As I return to my mat, I sometimes discover that I have lost some ground in my balancing poses or a bind. While I know I am supposed to be practicing enlightenment, not caring about perfect or wobbling poses, I feel discouraged. Oops! I'm studying to be a yoga teacher. If that is so, I should know what to say to myself and to a student who tells me this.

Teacher, learn your lesson. I've had ample opportunity to learn and practice this lesson the last few months following an injury which took my body time to heal, not my “three weeks and I should be right back to where I was time schedule.” Here are several useful reflections you may choose to use if or when a student tells you he or she is discouraged about their lack of progress or overall yoga practice:

1.) Thank you for honoring me with your truth and feelings. You are accepting the student's situation, no judgment. Simple acceptance with appreciation.

2.) May I mention to you that this is likely a short phase or stage in your yoga growth and practice? I definitely suggest asking if you can go down this line of reasoning. By asking, you allow the student to shape where they need further words or encouragement, rather than saying words which they shut off.

3.) You are continuing with your practice by continuing to come to class. Support the action of coming to class and use the word "practice,” a reminder that yoga is a series of practices, not one big final flow of perfect poses which gets showier every day.

4.) Maybe it's time to mix it up a bit. Have you tried a different class? Instead of hard body flow, how about the vinyasa simple series? Of course, you will use studio etiquette and suggest a different class offered in that studio first.

5.) What other sports or activities are you doing which support or might tire you out? With this information you can guide the student to review his or her own activity and determine what changes might be made to transform the slump or discouragement period.

6.) Are you being too hard on yourself? Do you know that other students modify postures, take breaks, wobble in balancing poses? I do. You may go into this further, suggesting some poses to back out of, hold for half the time or to alternate legs while other students do a series on one leg. Fatigue is different for everyone, and if prevented, a student can remain engaged in class and not get discouraged.

7.) How can I help? Of course this may open a door for complaints, needs, maybe requests. You can listen and decide on what makes sense given the time and relationship with this student.

8.) Are you interested in a private class? You know how to structure a private class to coach a student to improve certain poses or postures as well as strength or other needs. By offering the private class you keep your own integrity: Your time after class is not for 15 minute lengthy consultations or to solve all yoga difficulties. Your time and the student's time are important and valuable. You have solutions. Or you can refer the student to another.

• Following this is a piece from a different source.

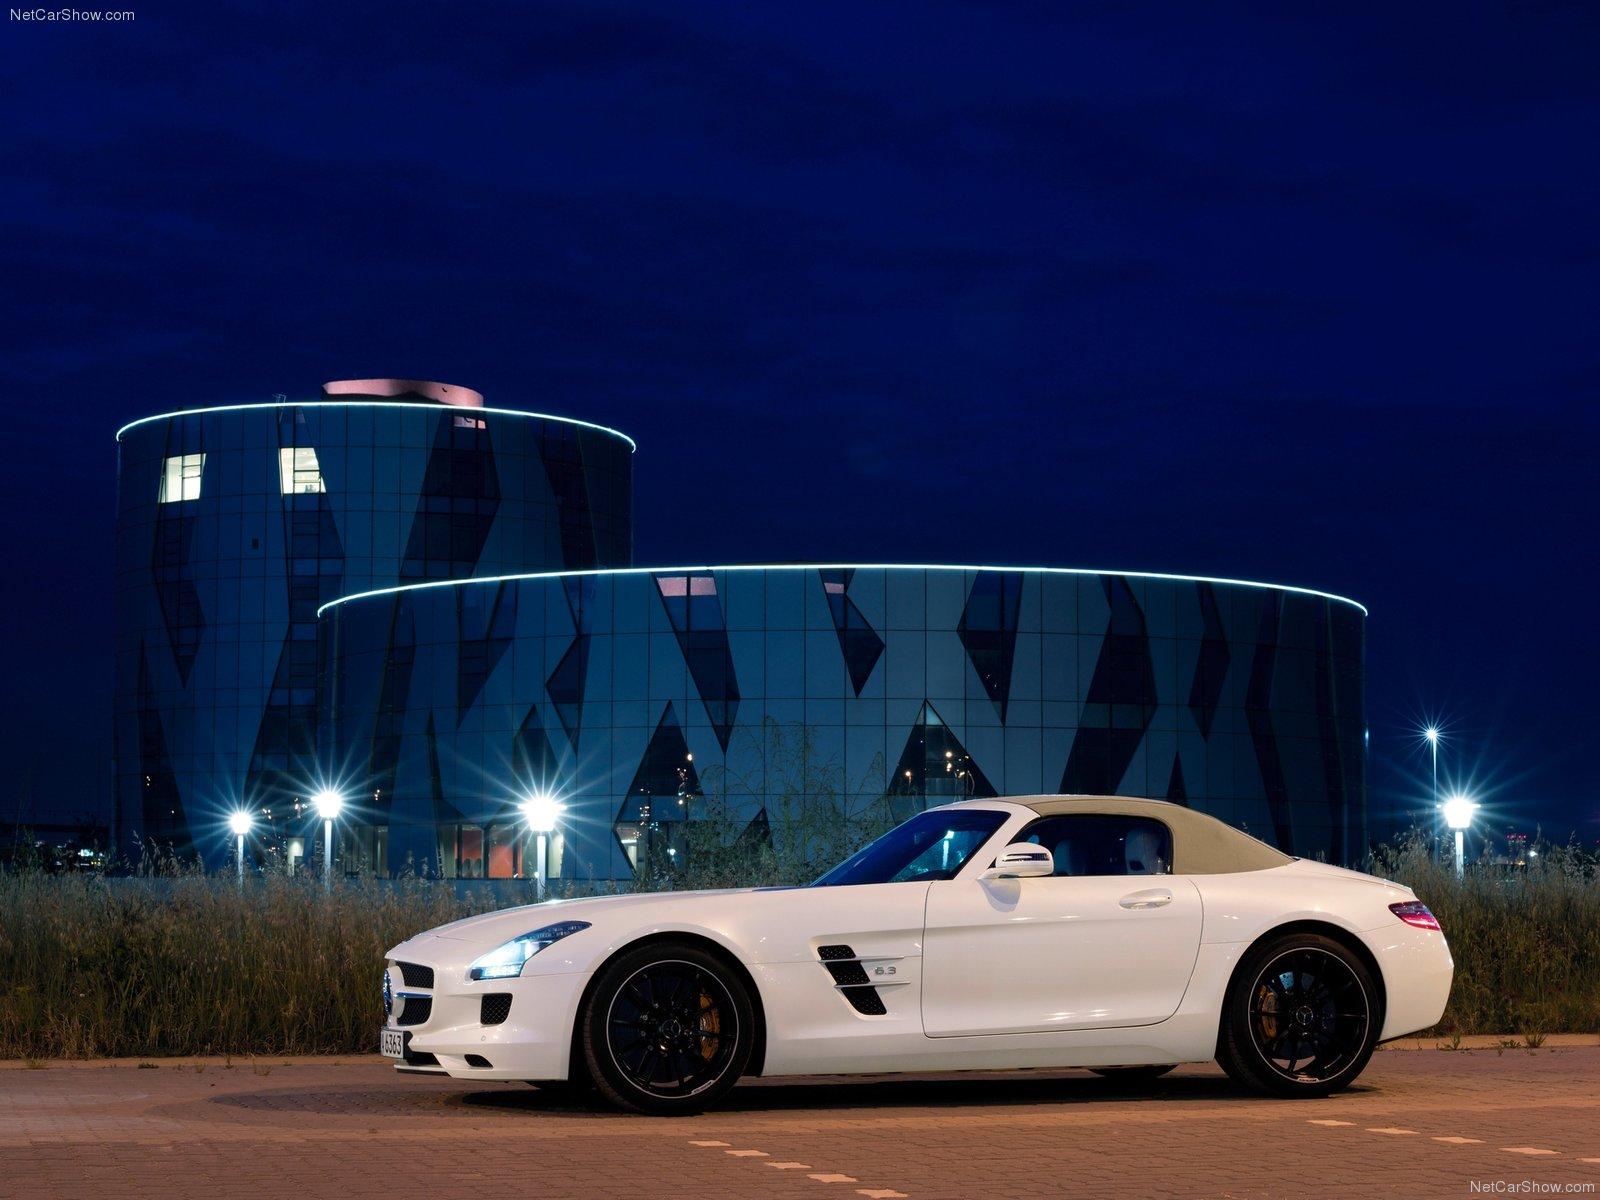 https://2.bp.blogspot.com/-YGSpsSryDBc/TeIdHKAZVAI/AAAAAAAAA8w/fIDZzTXJQZY/s1600/Mercedes-Benz-SLS_AMG_Roadster_2012_1600x1200_wallpaper_0c.jpg

9.) Try this book! Whether it's anatomy, pose sequencing or from a spiritual base, you are offering an opportunity for the student to reach out in the yoga world of information for answers. You certainly do not have to know everything.

10.) Can I tell you what I see, saw or observed? If yes, then you point out strength and good modifications you saw today or a positive change over a period of time. I suggest not falling into the trap of discussing how a student's body has changed to be thinner or more muscular. Rather, talk about specifics with yoga: "you seem to be holding tree pose longer," "I noticed you smiling during the middle flow," "I saw you grab your toe for the first time to try that leg extension"… You can find many specific changes which a student may overlook when in a gloomy mood about their yoga practice.

11.) I would like to take this feeling of discouragement from you and put it into this cup. We will leave it there during class and for as long as you want. This may sound funny, maybe patronizing, however the idea is that feelings can simply be gone! I use this technique at times with reluctant students in my public education career. I get smiles of relief and sometimes laughter. The energy is changed and we move on.

Courage is a noun derived from the French word cuer, meaning heart. Courage is defined in Webster’s Dictionary as "mental or moral strength to venture, persevere and withstand danger, fear or difficulty". Discourage is a verb, an action word, meaning "to deprive of courage or causing of a lack of courage". Facing this lack and finding a way around, over or through it is its own act of personal fortitude and courage. You, as a yoga teacher, when faced with discouragement may be the catalyst to encourage, bring one to a new state of courage, a reawakened heart.